As it is such an intimate establishment there's a reasonable chance other guests will be interesting too. Our companions until jetlag claimed them were a charming neuro-surgeon from Chicago and his wife.

Then it was off to bed in one of just three lovely bedrooms. This is, indeed, a boutique establishment. The rooms manage to combine all the touches of period charm and all the mod cons, including ISDN.

Our room had a CD player, digital television, a stylish shower and a realistic gas fire using the old flue. And artworks are everywhere.

Don't plan a quick getaway after your night here. The breakfast is leisurely and includes enough food to last the day, with fresh fruit, compote, homemade cereals, warm croissants, eggs every which way and all presented in silver-service style.

Driving into the traffic was a wrench but if Keef used the experience as a refuelling platform to hit the road again we just had to grin and bear it too.

CHECKLIST

Contact: Cotter House Luxury Retreat, 4 St Vincent Ave, Remuera. Phone (09) 529 5156.

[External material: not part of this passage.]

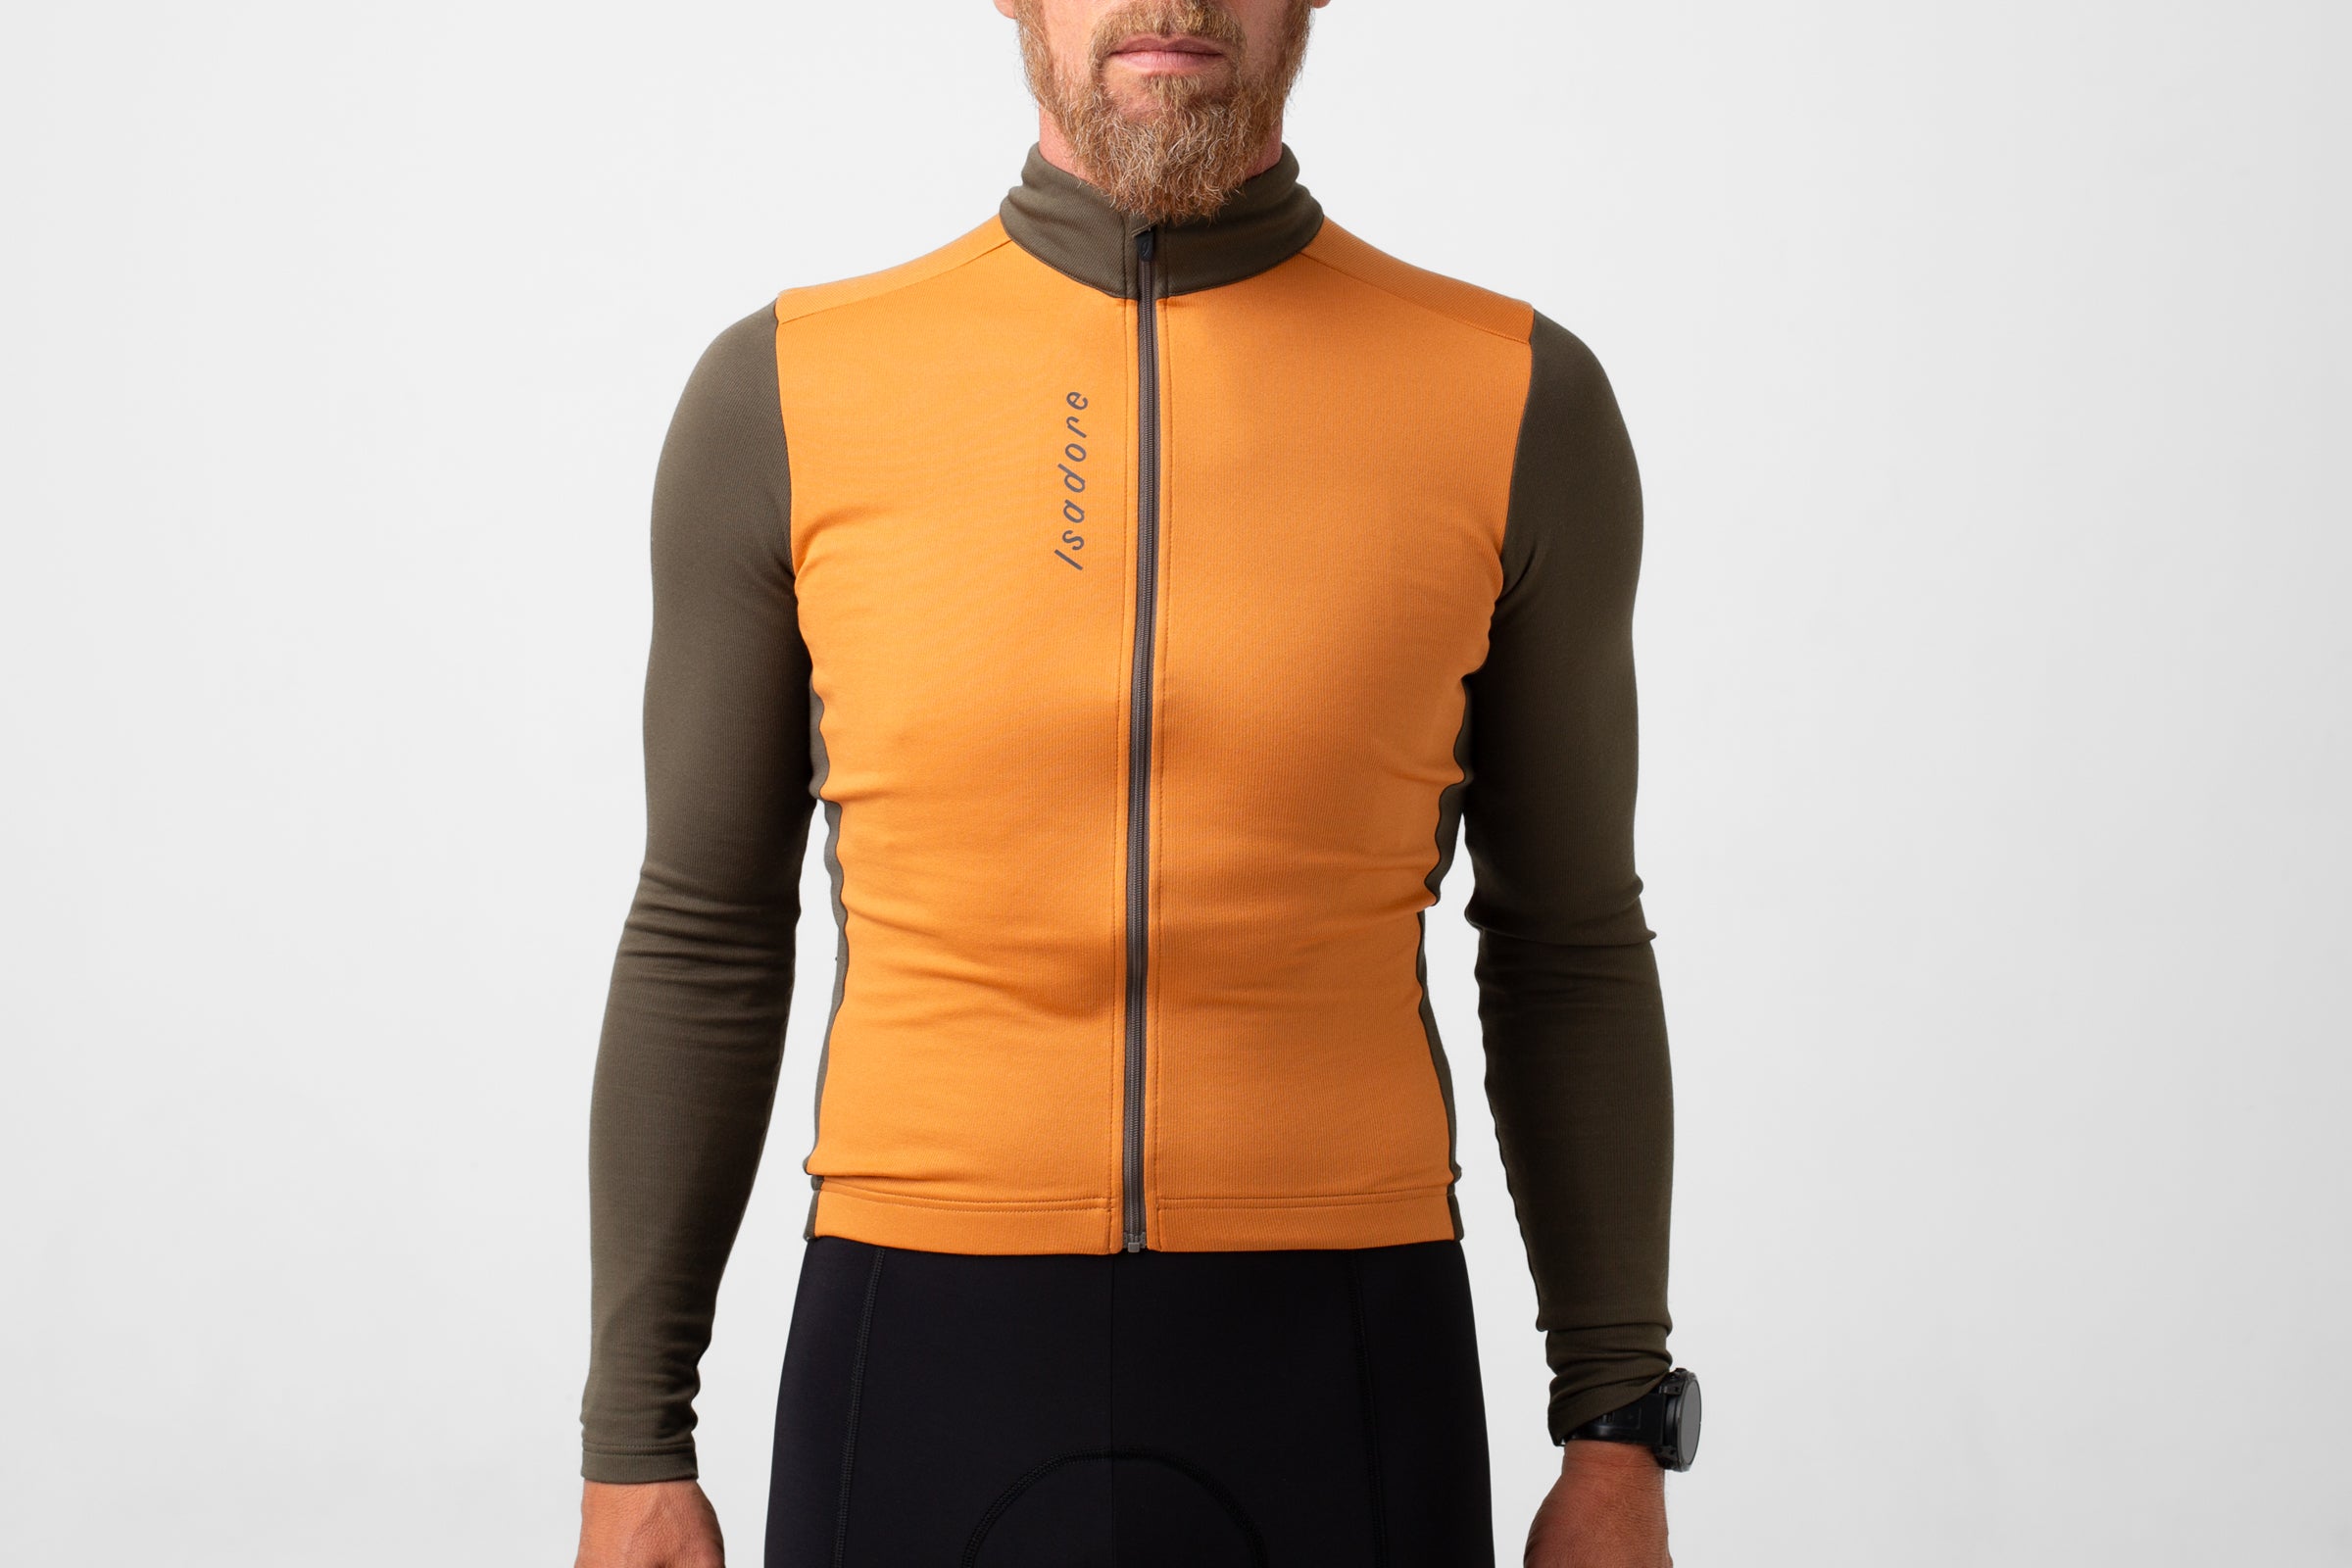 Patchwork Thermal Long Sleeve Jersey

Getting there: Cotter House is an easy walk from Remuera's restaurants and shops and an easy drive from central Auckland.

Galleries:

Simon Payton/Delia Woodham, Level 2, Customs St East.
EA Gallery, 3A, 47 High St. Phone (09) 379 6460.
Oedipus Rex Gallery, 1st Floor, 32 Lorne St. Phone (09) 379 0588.
Warwick Henderson Gallery, 32 Bath St, Parnell. Phone (09) 309 7513.

John Gardner was a guest of Cotter House.